Each enrichment source should expose one source adapter contract.

class SourceAdapter(Protocol):
    key: str  # kev | epss | exploit_db | nvd

    def load(self, ctx: RunContext, plan: SourceLoadPlan) -> SourceLoadResult:
        ...

SourceLoadPlan

Required fields:

  1. mode: online or offline
  2. force_refresh: bool
  3. allow_regen: bool
  4. path_or_url: optional source locator

SourceLoadResult

Required fields:

  1. enabled: bool
  2. available: bool
  3. payload: typed source data or None
  4. status: canonical status string for runmanifest/docs
  5. meta: source metadata (ttl/cache/source-type)

Contract B: Enrichment application boundary

Enrichment application should consume source results and mutate findings through one orchestrated step.

class EnrichmentApplicator(Protocol):
    def apply(
        self,
        ctx: RunContext,
        scan: ScanResult,
        sources: dict[str, SourceLoadResult],
        *,
        offline_mode: bool,
    ) -> EnrichmentApplyResult:
        ...

EnrichmentApplyResult

Required fields:

  1. scan_result: enriched ScanResult
  2. source_summary: stable source availability summary
  3. stats: normalized enrichment counters
  4. warnings: machine-readable warning list

Contract C: Pipeline handoff boundary

Post-enrichment indexing and derived pass handoff should consume EnrichmentApplyResult and produce one handoff object.

@dataclass(frozen=True)
class EnrichmentPipelineState:
    scan_result: ScanResult
    sources: dict
    nvd_status: str

Current EnrichmentPipelineState in src/vulnparse_pin/app/enrichment.py remains the compatibility target for this spike.

Non-goals

  1. No scoring/TopN algorithm changes
  2. No scanner parser behavior changes
  3. No runmanifest schema changes
  4. No feed format changes

Migration Sketch

Stage 0 (compatibility wrappers)

  1. Keep run_enrichment_pipeline as entrypoint.
  2. Add wrapper adapters around existing loaders (load_kev, load_epss, load_exploit_data, and the NVD cache refresh flow).
  3. Preserve all existing source flags and semantics.

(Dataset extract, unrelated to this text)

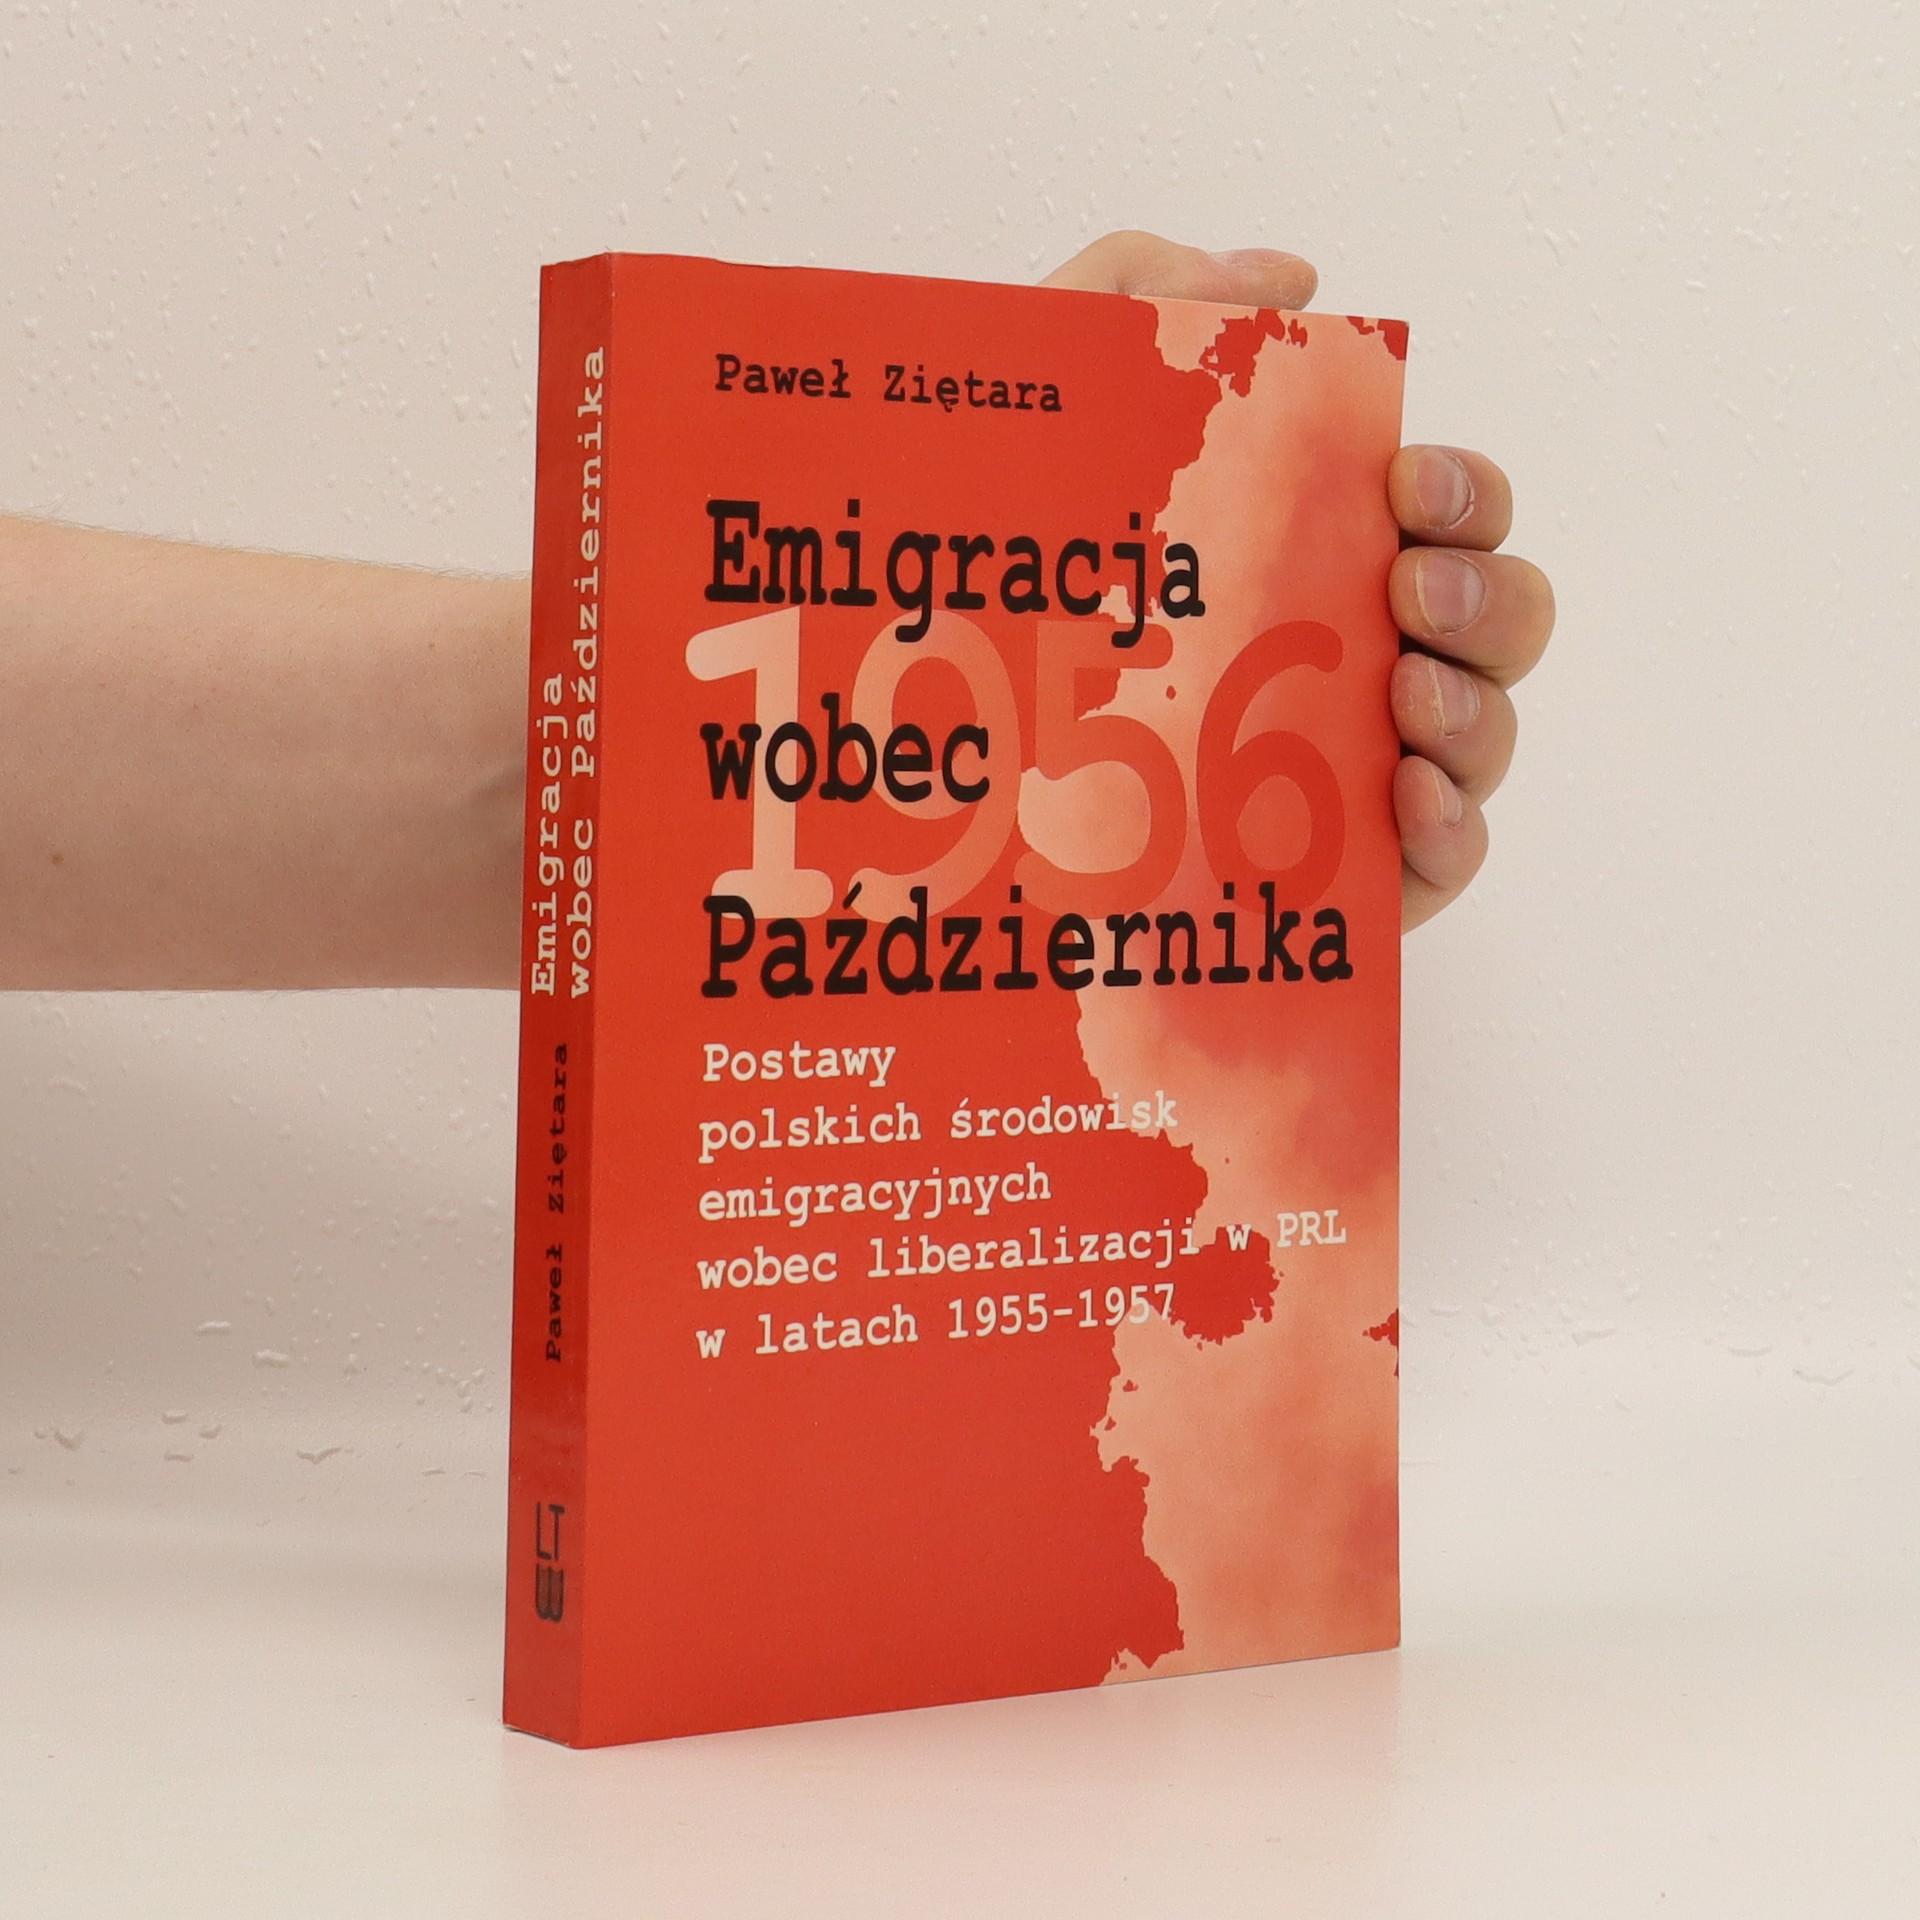 antikvární kniha Emigracja wobec Października : postawy polskich środowisk emigracyjnych wobec liberalizacji w PRL w latach 1955-1957, 2001

Stage 1 (source loading split)

  1. Move source loading decisions into a dedicated source-orchestrator module.
  2. Return SourceLoadResult per source.
  3. Keep current apply logic unchanged.

Stage 2 (application split)

  1. Move finding-level enrichment into an applicator module.
  2. Keep exploit batch/parallel behavior unchanged.
  3. Keep existing stats fields and status update behavior.

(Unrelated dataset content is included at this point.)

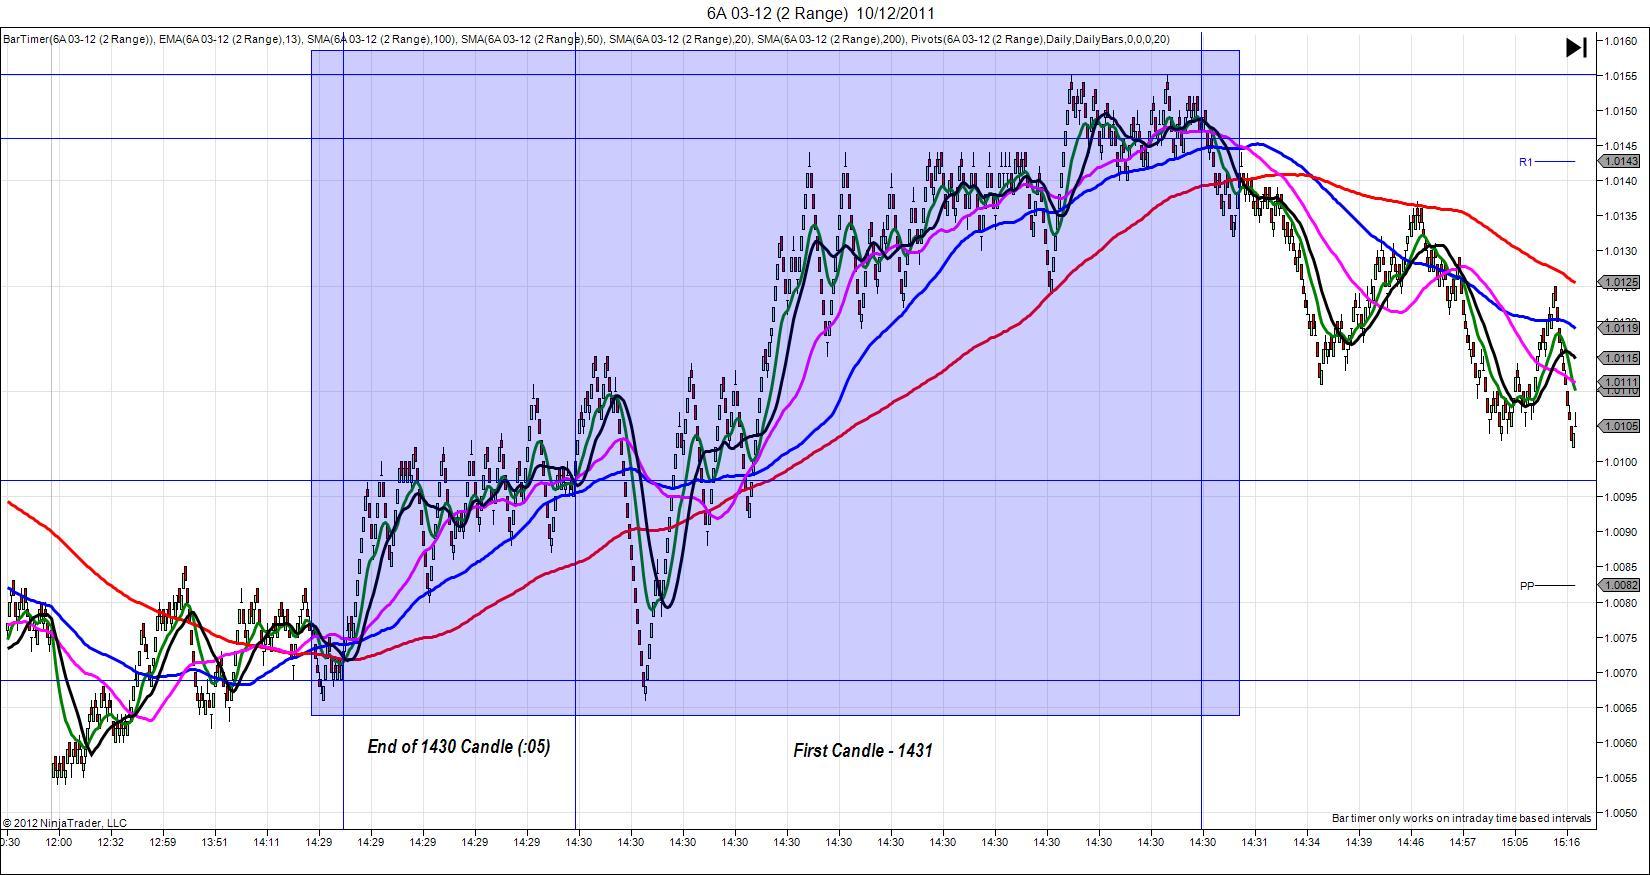 6A 03 12 (2 Range) 10.12.11

Stage 3 (index/handoff split)

  1. Isolate post-enrichment index build and RunContext.services rewire.
  2. Keep pass execution order and dependency validation unchanged.

Stage 4 (cleanup)

  1. Remove transitional glue once tests prove parity.
  2. Keep backwards-compatible output shape and source summary keys.

Blast Radius

Potentially affected areas:

  1. src/vulnparse_pin/app/enrichment.py
  2. src/vulnparse_pin/utils/enricher.py
  3. src/vulnparse_pin/utils/exploit_enrichment_service.py
  4. src/vulnparse_pin/utils/nvdcacher.py
  5. runmanifest source summary consumers

Low-risk by design because migration stages preserve existing entrypoints and output contracts.

Rollback Strategy

  1. Retain original run_enrichment_pipeline path behind one feature-toggle branch during staged implementation.
  2. If drift is detected, route back to legacy orchestration immediately.
  3. Keep legacy source-summary map keys stable: exploitdb, kev, epss, nvd, stats.

Verification Plan

Minimum validation for implementation phase:

  1. Existing enrichment-related tests pass unchanged.
  2. Runmanifest tests confirm unchanged summary shape and expected stats.
  3. Offline/online matrix validation for KEV, EPSS, Exploit-DB, and NVD status paths.
  4. Large-input sanity run to verify no regression in batching/parallel behavior.

Exit Criteria

  1. Seam contracts are documented and accepted.
  2. Migration plan is staged and reversible.
  3. Blast radius and rollback steps are explicit.
  4. Test matrix for parity is defined.